# Wicked Wheels (Manchester/Cheshire) - anybody got before and after pics?



## Tone Loc (Aug 22, 2007)

My wheels are in need of a good refurb, 3 just need repainting and the other has a small bit of curb damage. Having done a search i can across this thread...

Wicked Wheels - Cheshire

From the pic on the thread it seems they do good work. Plus i work next to the Porsche dealer mentioned. However the name given on the website for that area is Alistair rather than the Raj mentioned. Has anybody had dealings with wicked wheels recently in the Manchester/Cheshire area and do you have some pics of their work.

Cheers,

Tony.


----------



## Ratz (Sep 27, 2007)

Don't know about Wicked Wheels but my dad has just had £4k's worth of Aston Martin wheels done by Prestige Wheels and it's an excellent job.

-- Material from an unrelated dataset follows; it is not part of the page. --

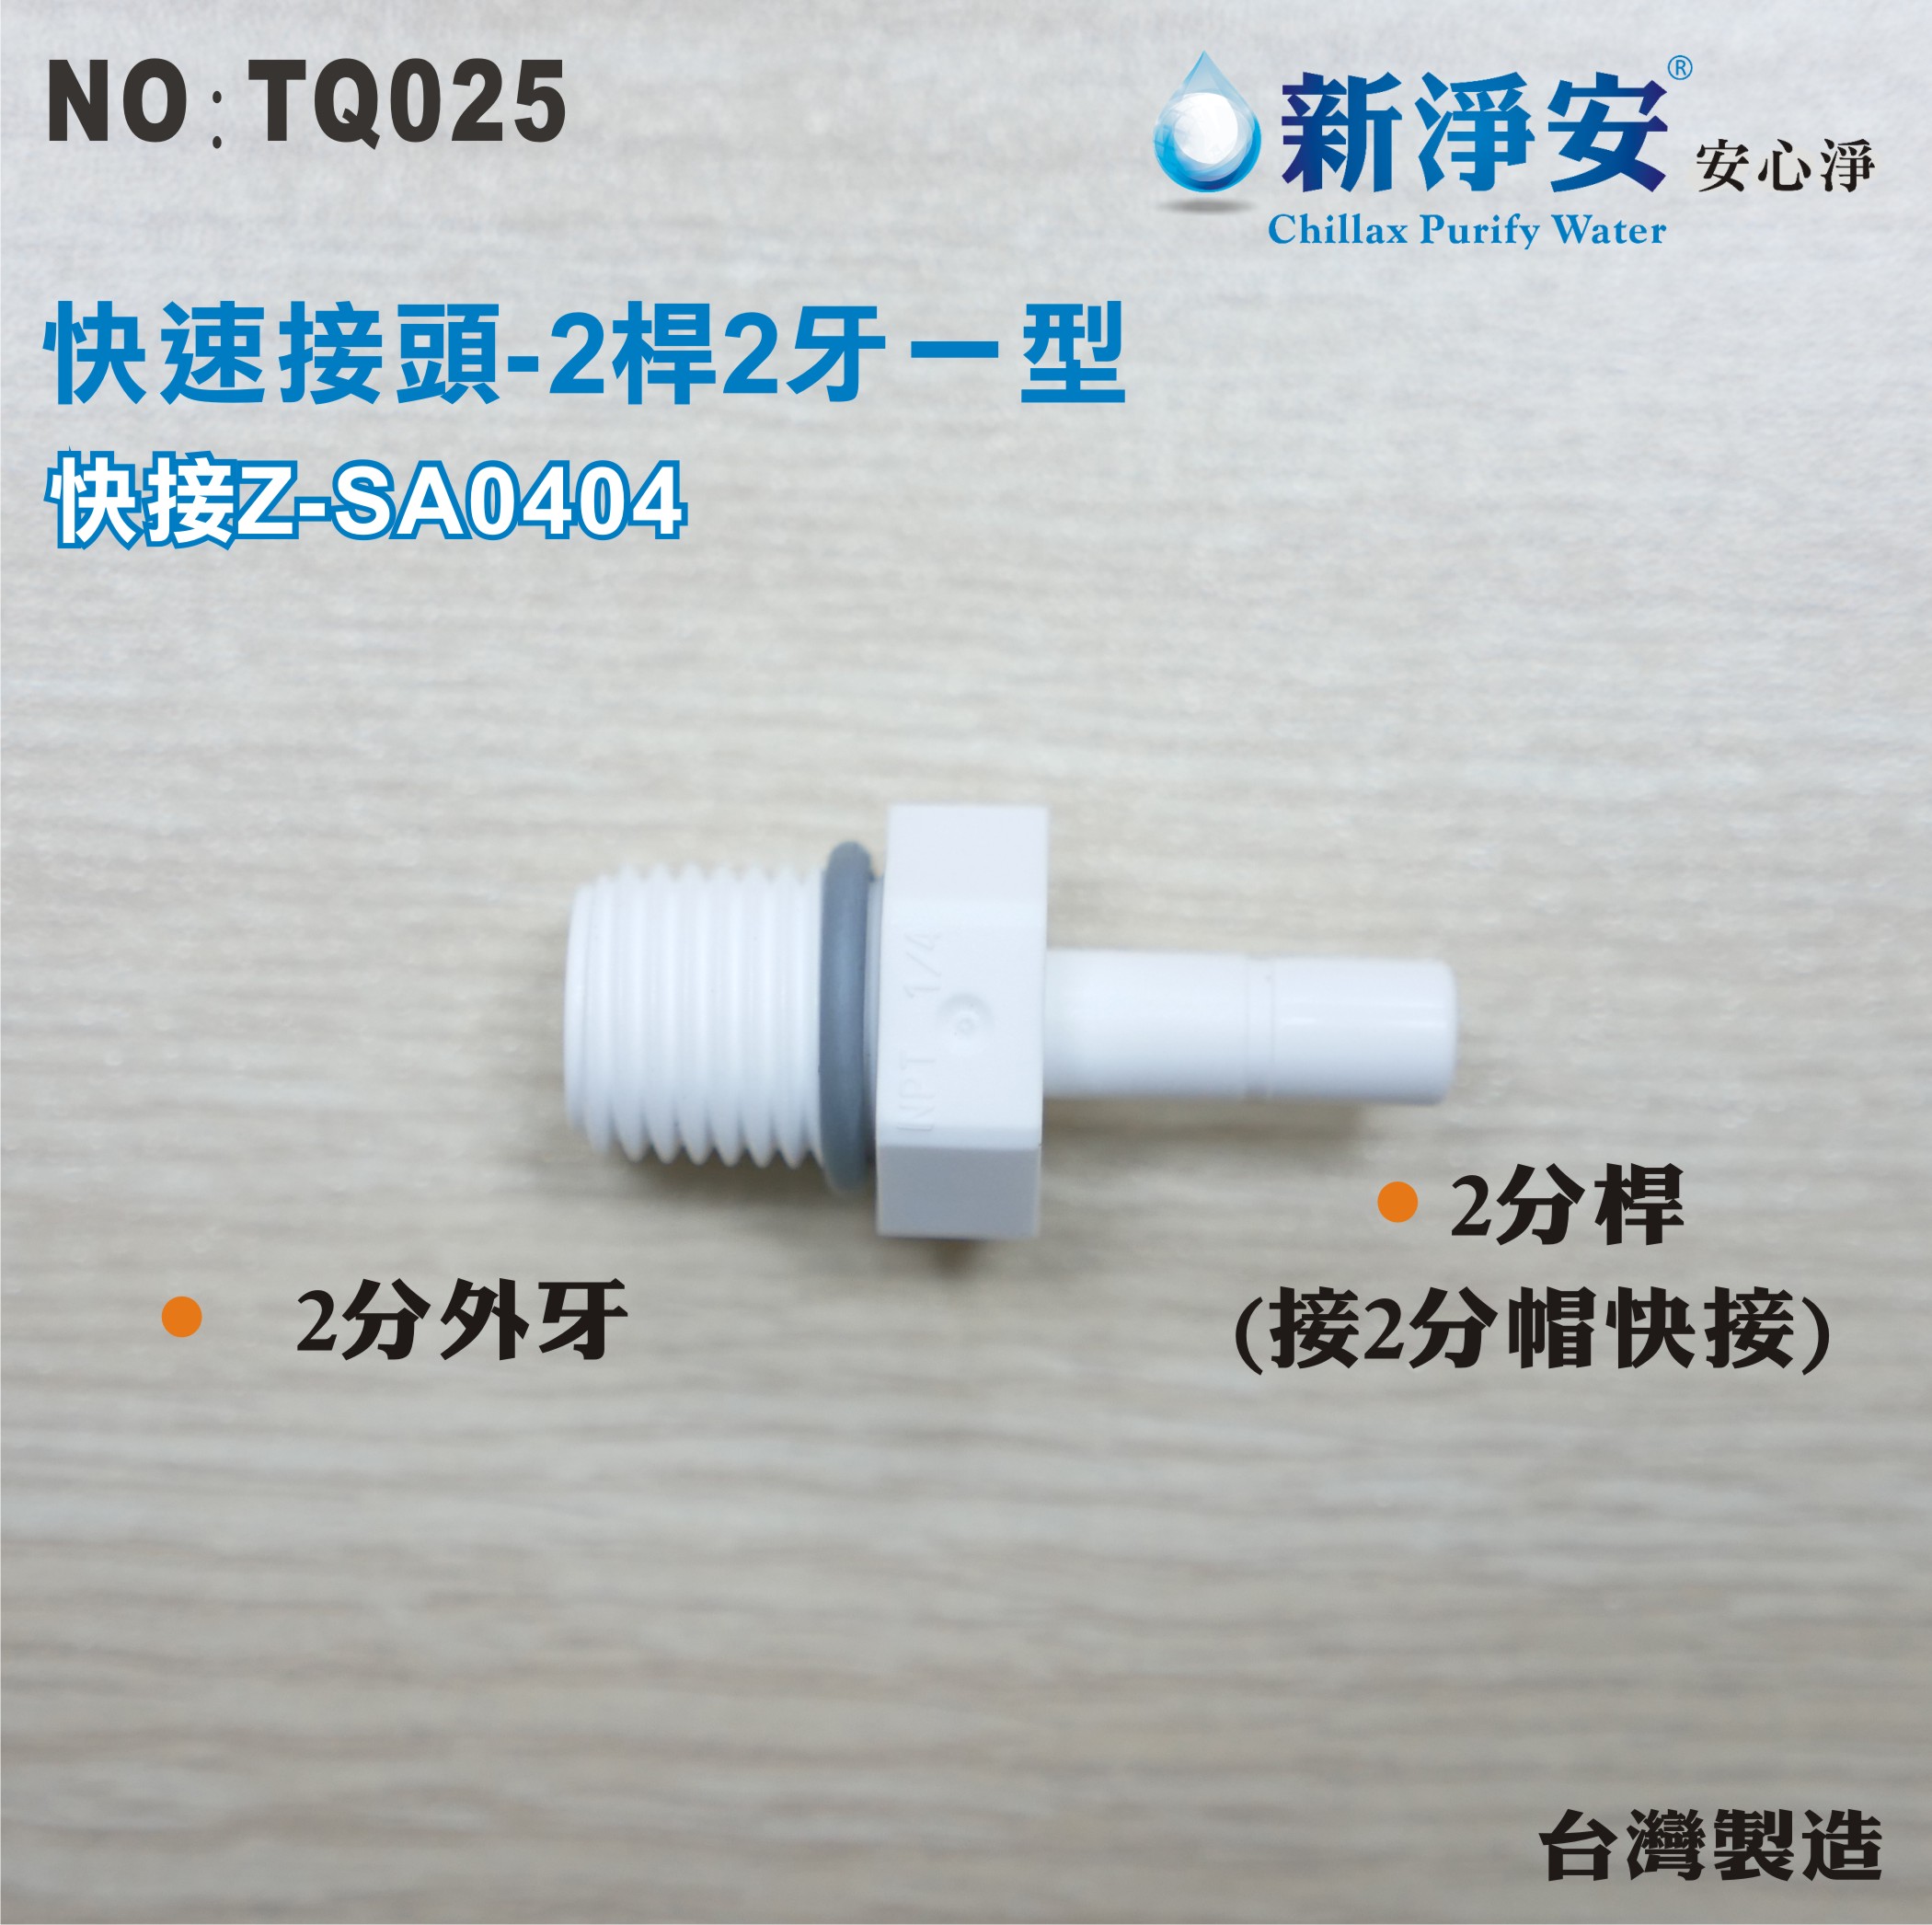 【龍門淨水】快速接頭 Z-SA0404 2分桿-2分外牙一型接頭 2桿2牙直塑膠接頭 台灣製造 直購價25元(TQ025)

AM's not ours by the way  .


----------



## Epoch (Jul 30, 2006)

Ratz said:


> Don't know about Wicked Wheels but my dad has just had £4k's worth of Aston Martin wheels done by Prestige Wheels and it's an excellent job.
> 
> AM's not ours by the way  .


Says part of the wicked wheels network too


----------



## Tone Loc (Aug 22, 2007)

Cheers for the link... seems they are one in the same. The contact number on the wicked wheels site for my postcode is the same as the one on the prestige wheels site (Alistair Stenhouse - 07970 622933).

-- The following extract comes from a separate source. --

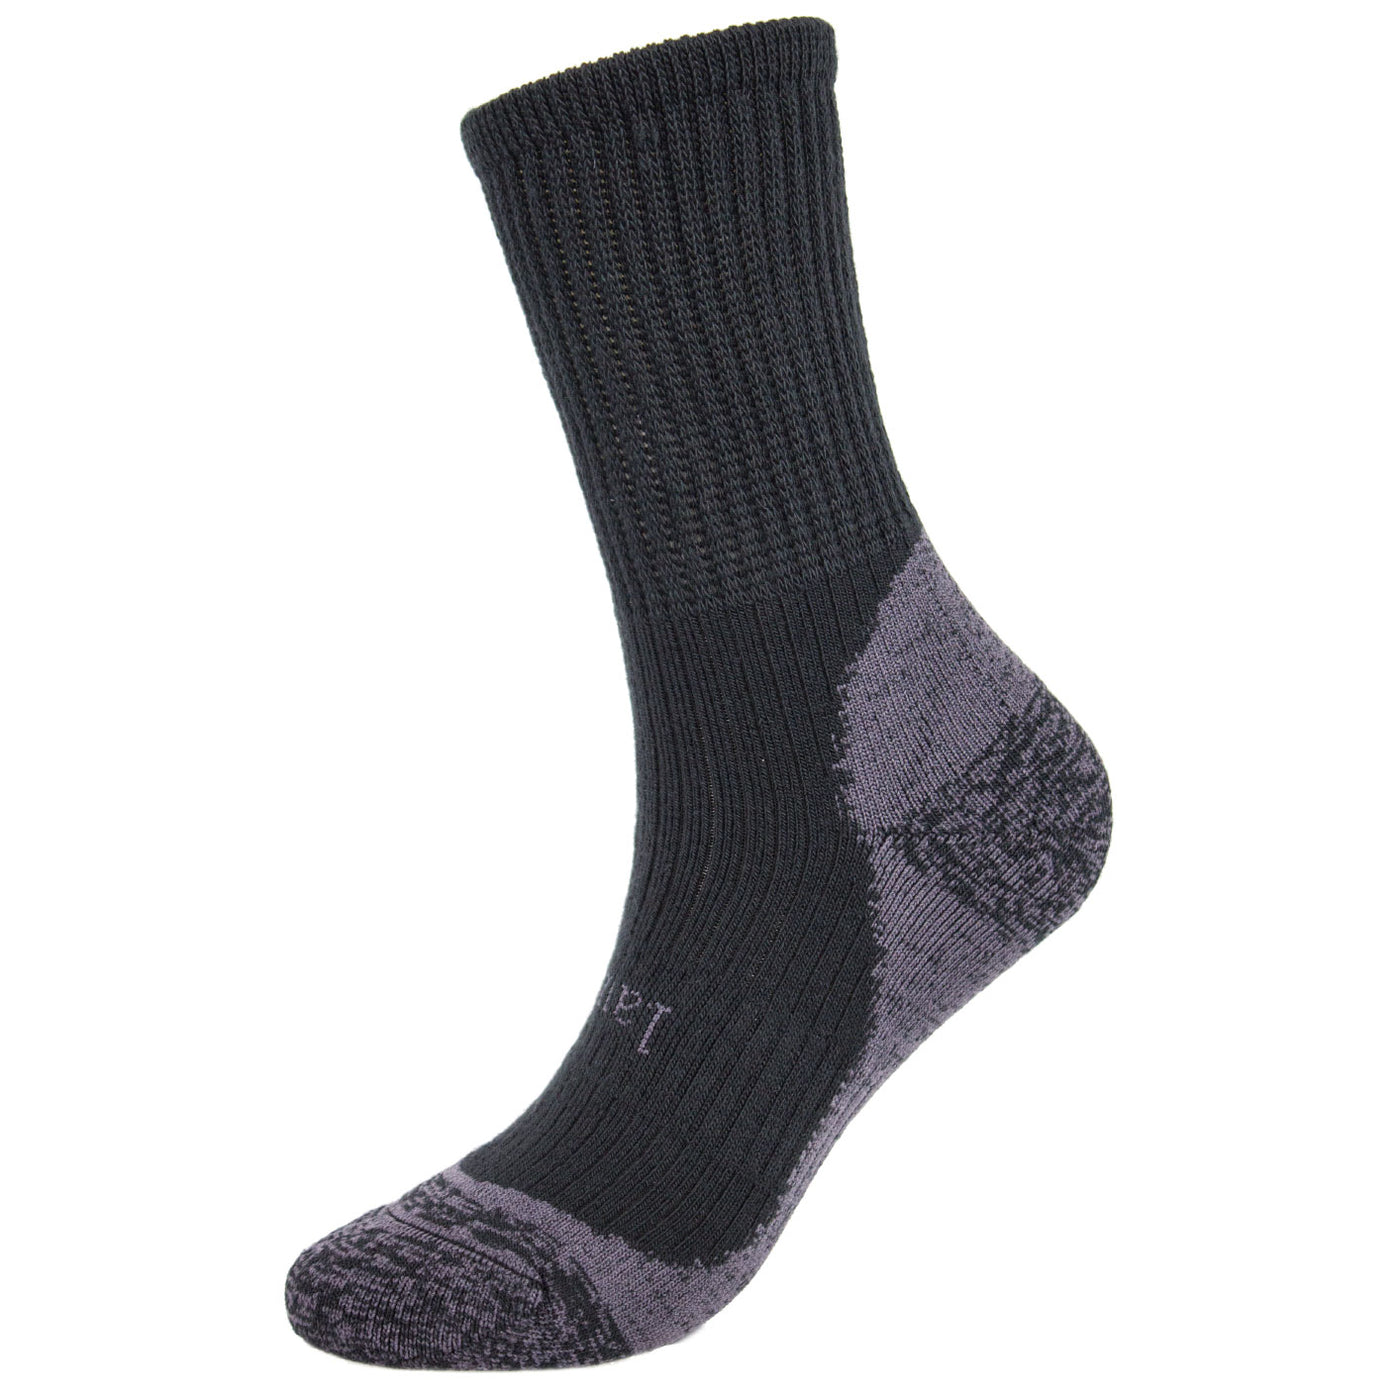 Laulax Ladies finest wool loos top gentle grip winter socks, 3 Pairs Gift Set in 2 designs

Looks like this is the number to ring  But what has happen to Raj in the thread i linked to?

Tony.


----------



## BRUN (May 13, 2006)

ive just had some wheels done at 'the wheel specialist' in manchester

superb job !!

0845 465 4866

tell him you got his number from Martyn with the Clio

pic of mine


----------



## [email protected] (Jun 15, 2007)

Been waitin to see these Brun. 

Look great, I'll have to pop round for a peek in person.


----------



## laser avant (Feb 6, 2007)

How much were those to have done Brun?


----------



## BRUN (May 13, 2006)

as i had a polished edge they were extra, £230 for the set

they are powder coated and not painted, decided to go for this as ive had £150 paint wheel refurbs done before and they just dont last, you get 12 months out of them but they it all starts to go wrong


----------



## laser avant (Feb 6, 2007)

Not too bad then with the extra work re polished edges :thumb:


----------



## BRUN (May 13, 2006)

would have been £160 otherwise as they had a special offer on


----------



## Epoch (Jul 30, 2006)

Just a question fromsomebody who know s not a lot about this

Why would you not have them powder coated if its much better than paint?


----------



## Zax (Jan 30, 2007)

Another :thumb: for the folk at "prestige"

Their service was superb 6 days from delivery to being ready to go back on the car.

Also they also have quite a few sets of popular alloys in stock which have already been refinished. If they have the type that you neeed in stock they will send the replacements by return post .


----------



## BRUN (May 13, 2006)

Epoch said:


> Just a question fromsomebody who know s not a lot about this
> 
> Why would you not have them powder coated if its much better than paint?


painting them is _usually_ cheaper


----------



## Tone Loc (Aug 22, 2007)

BRUN said:


> would have been £160 otherwise as they had a special offer on


The wheels look superb 

Do you know how long the special offer is on for, hopefully it will run in January. Also did your price (and the £160 offer) inc taking the tyres off and putting them on? I presume mine may be a little more expensive being 18" (the clio wheels are 16" aren't they?).

Cheers,

Tony.


----------



## BRUN (May 13, 2006)

they are 15" mate and i supplied the wheels to him with no tyres on

the offer was for nov and dec but if you ask nicely he might do it for you

the bloke who runs it, derek, is brilliant, really interested in what you want and providing a good service, give him a call


----------



## Tone Loc (Aug 22, 2007)

Cheers Brun, I'll give derek a call after christmas. Hopefully if i book before the new year he'll still do the special price  

Tony.


----------



## Mark M (Nov 29, 2006)

Those wheels look stunning Brun.

Can I ask if the polished lip was lacquered after?

I have MK5 Golf GTI 18" Monzas that are diamond cut, with one needing sorted.

Thanks,
Mark.


----------



## BRUN (May 13, 2006)

i asked for them not to be lacquered, as it makes it go milky after a time


----------